SOURCE INFORMATION |
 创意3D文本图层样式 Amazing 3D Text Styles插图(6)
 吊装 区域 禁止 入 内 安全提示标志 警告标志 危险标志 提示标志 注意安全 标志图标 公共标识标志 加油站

* * *

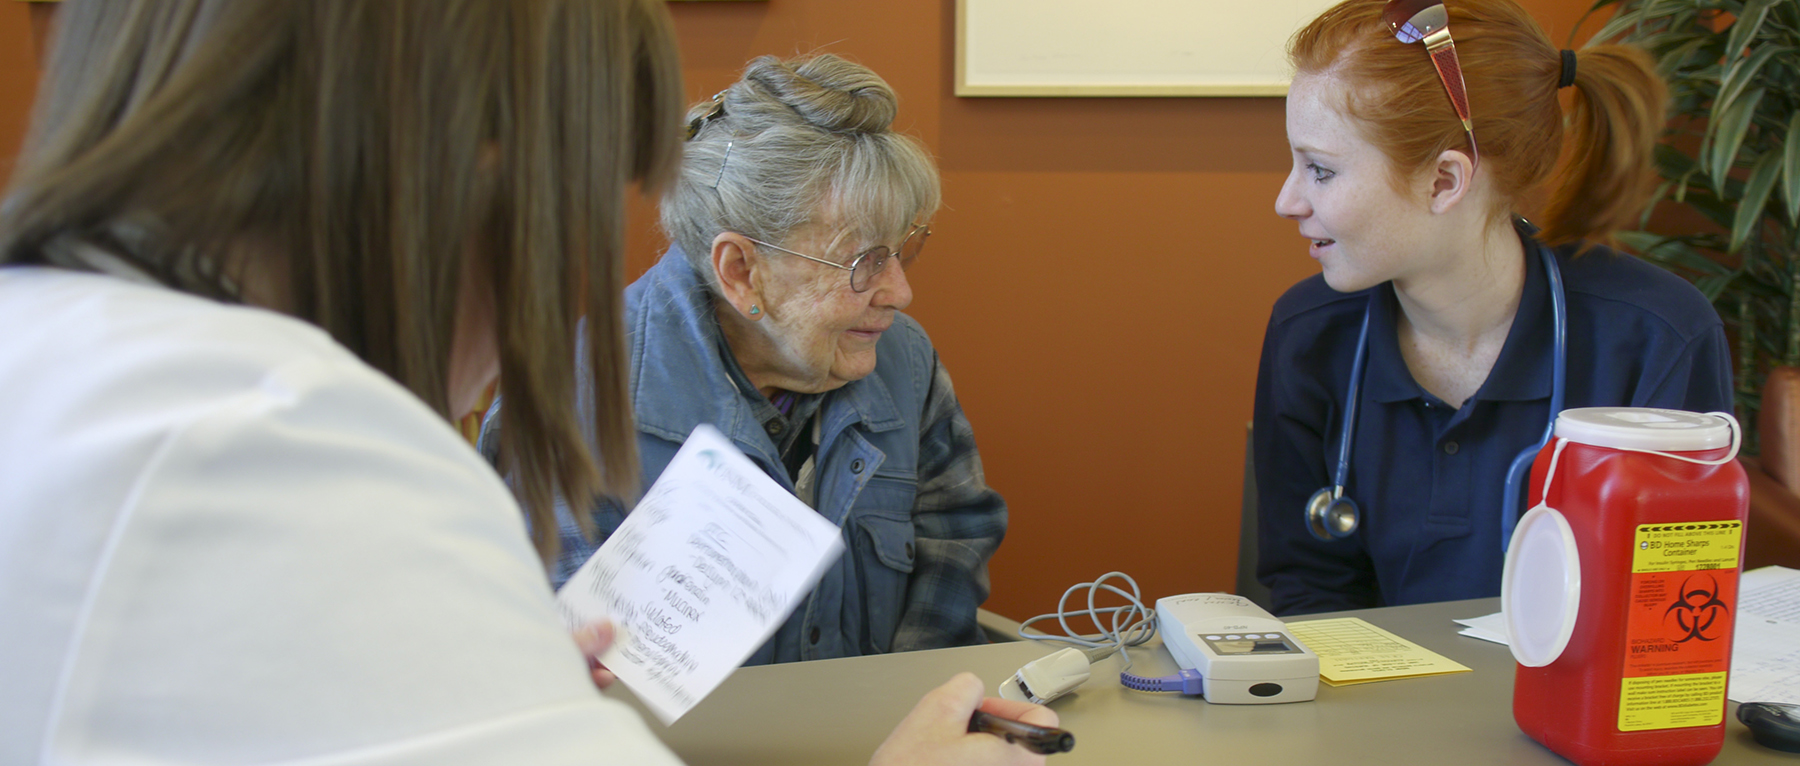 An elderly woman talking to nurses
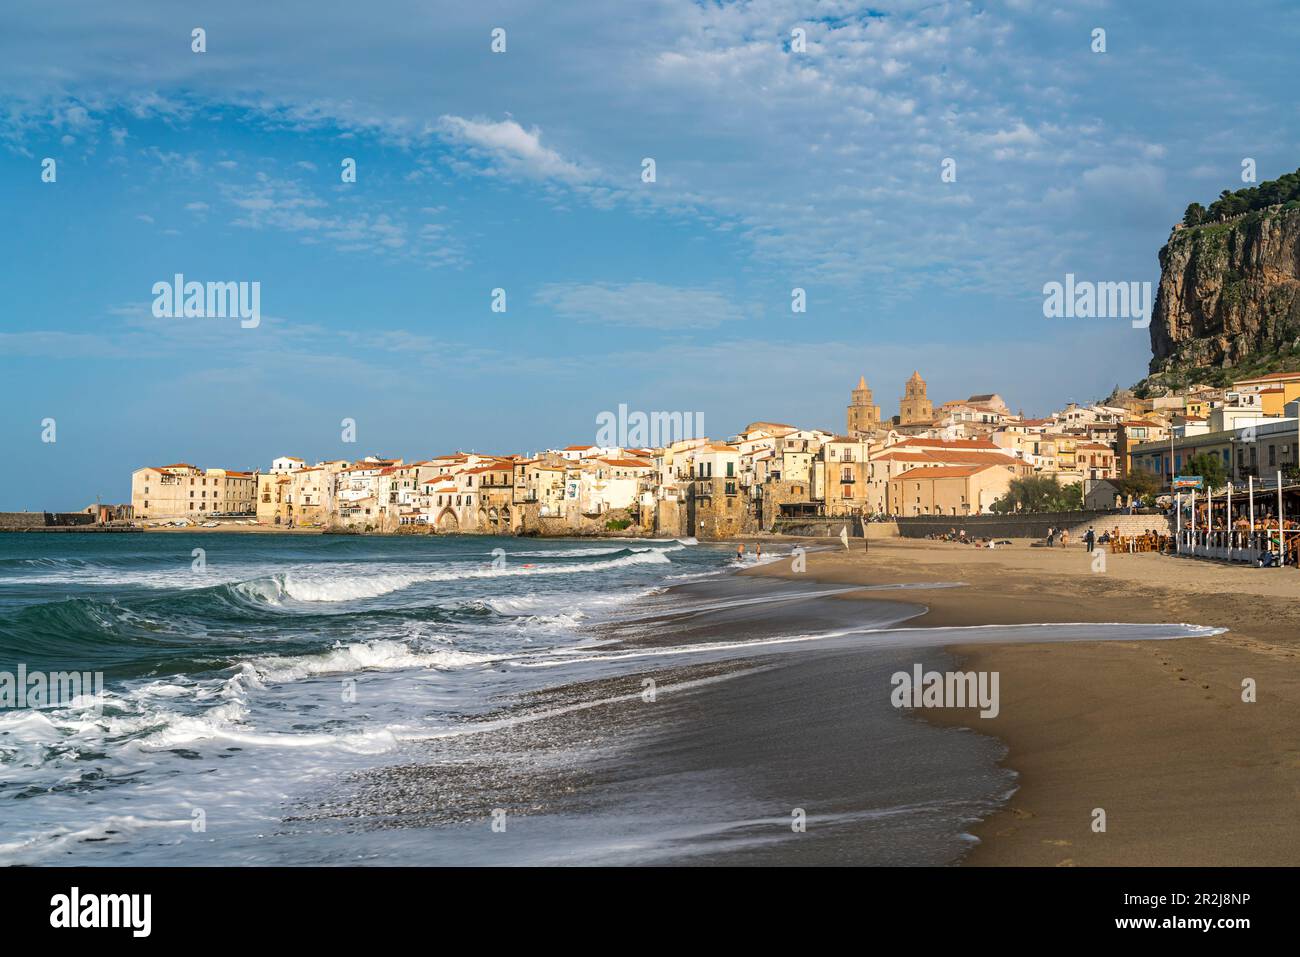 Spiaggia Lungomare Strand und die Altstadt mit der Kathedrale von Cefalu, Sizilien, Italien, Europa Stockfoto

WHAT YOU HAVE TO DO |
Looking at the data above, return every line from the one with "创意3D文本图层样式 Amazing 3D Text Styles插图(6)" down to the one with "吊装 区域 禁止 入 内", exactly and inclusively.

THE ANSWER |
 创意3D文本图层样式 Amazing 3D Text Styles插图(6)
 吊装 区域 禁止 入 内 安全提示标志 警告标志 危险标志 提示标志 注意安全 标志图标 公共标识标志 加油站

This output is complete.